Functional Programming Is A Scam - austengary
http://swannodette.github.io/2013/06/10/porting-notchs-minecraft-demo-to-clojurescript/
======
archgoon
This post seems to be a scam. The rather sensationalist claim in the title has
nothing to do with the post, nor is it referenced at all. The post is mostly
about reimplementing Notch's 'Javascript Minecraft Rendery Hack Thingy' in
clojurescript; and the niceness of applying the Closure Compiler to reduce the
size of the output.

At best, the author will later explain that they were conducting an A/B test
of post titles and will later share with us the results of their experiment.
As it stands, however, this seems to be simple link-bait.

------
jere
_Any headline which ends in an exclamation mark can be considered sarcasm._

------
javajosh
Total link-bait title.
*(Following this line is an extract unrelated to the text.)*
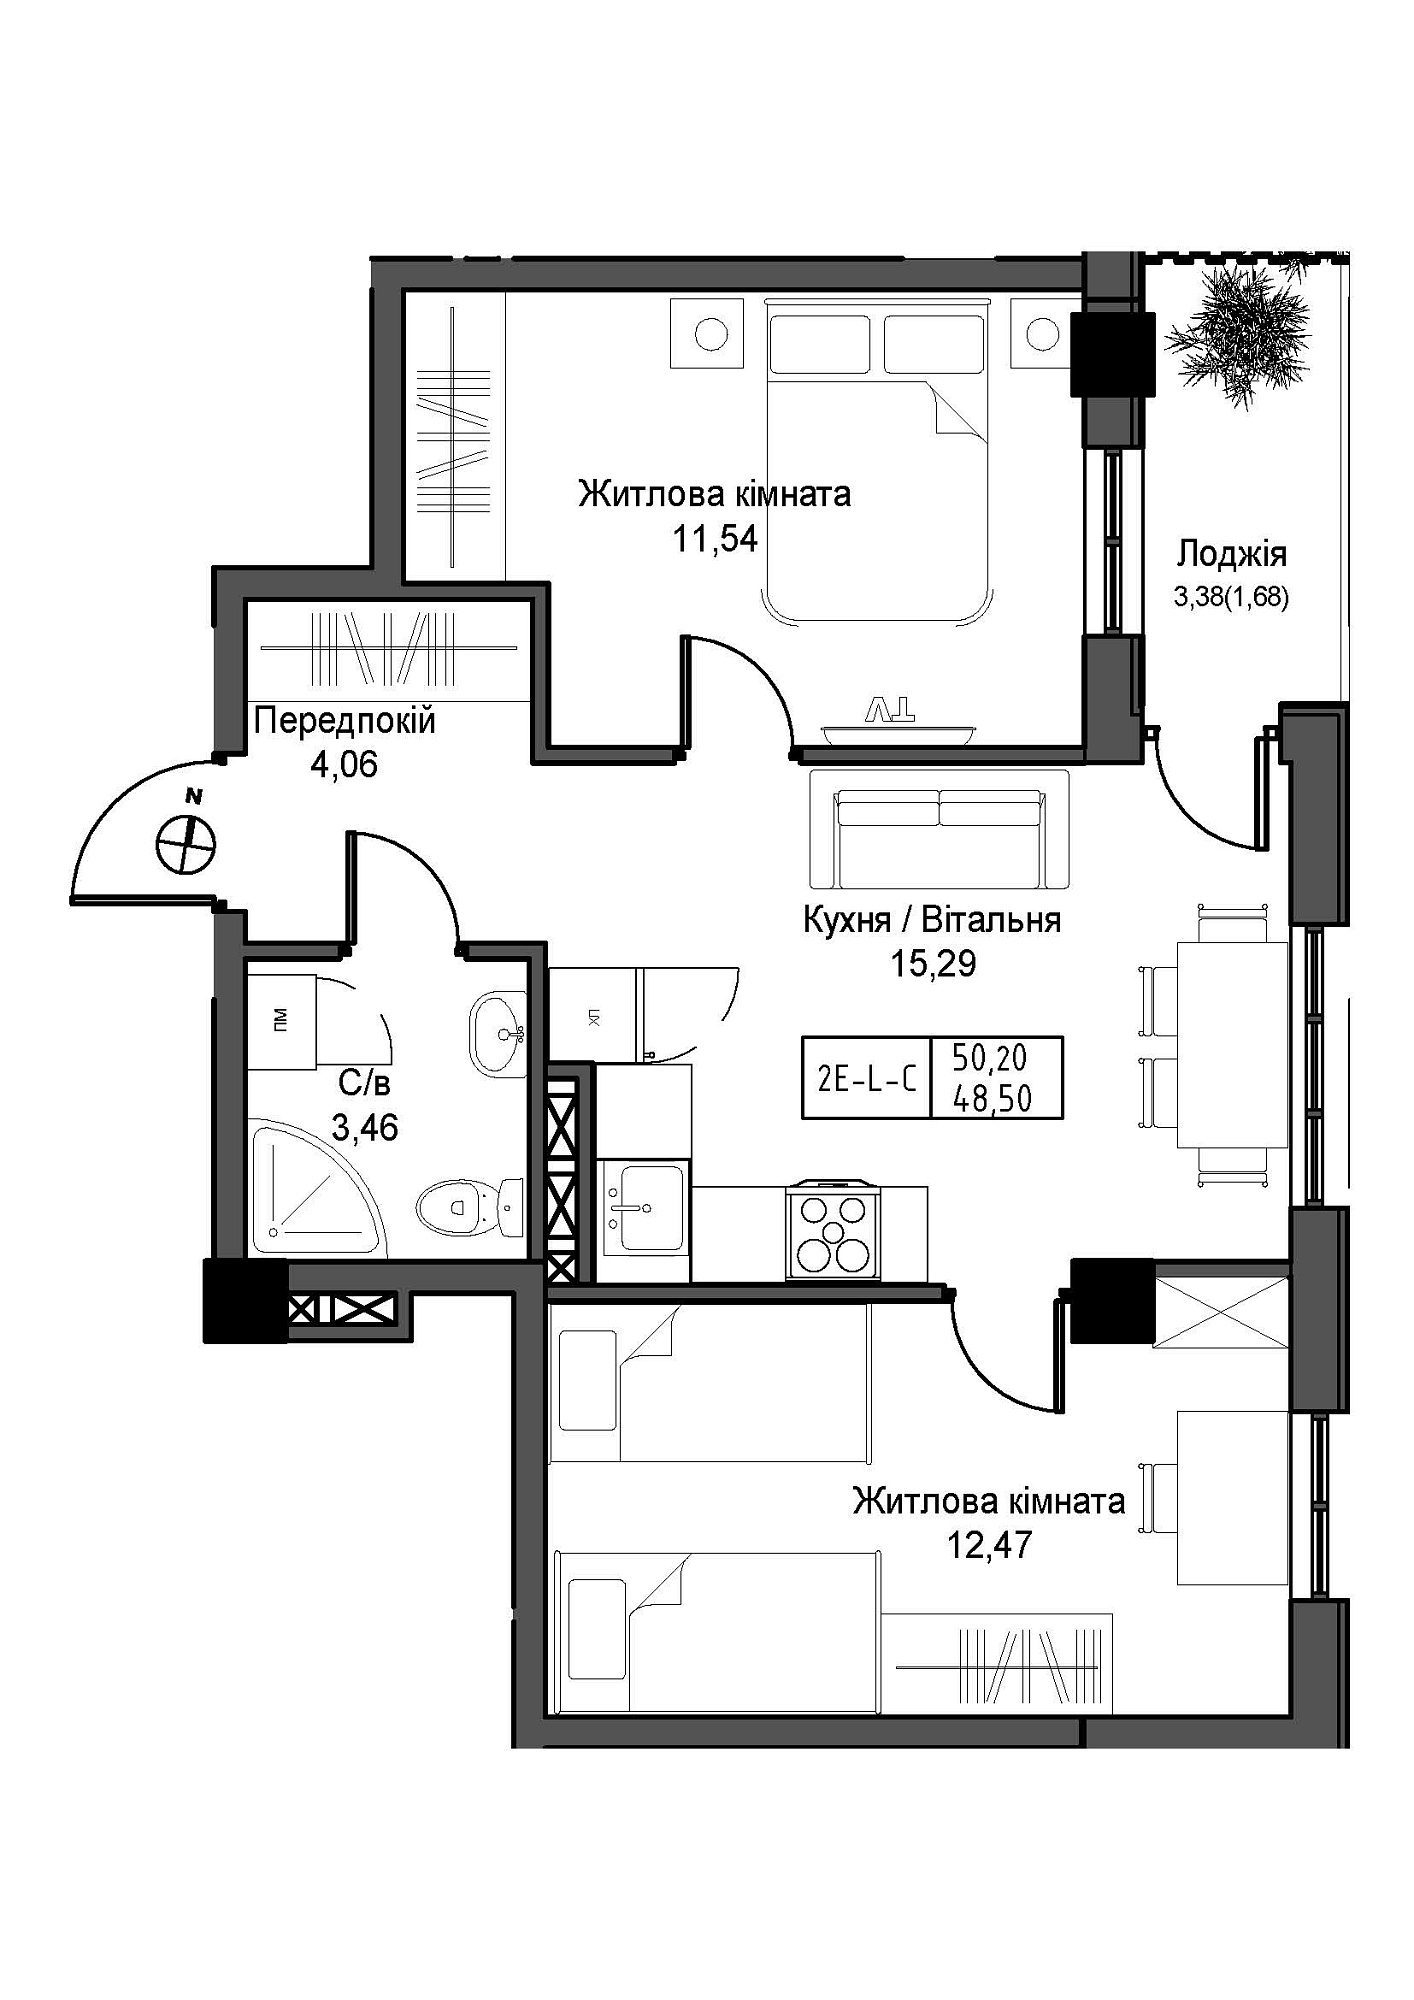 Planning 2-rm flats area 48.5m2, UM-007-07/0007.

Better: "Porting Minecraft to ClojureScript". That's
better, but still not entirely accurate since this is just a demo, not the
full game.

------
leokun
It's a pretty good post, too bad about the title. I should give Closurescript
a try. I don't necessarily agree with local modifications though, not unless
it's absolutely obvious.

------
coldtea
Anybody else wants to ignore 4 other comments already about the "linkbait
title" and add his?

------
meepmorp
What's with the click bait title?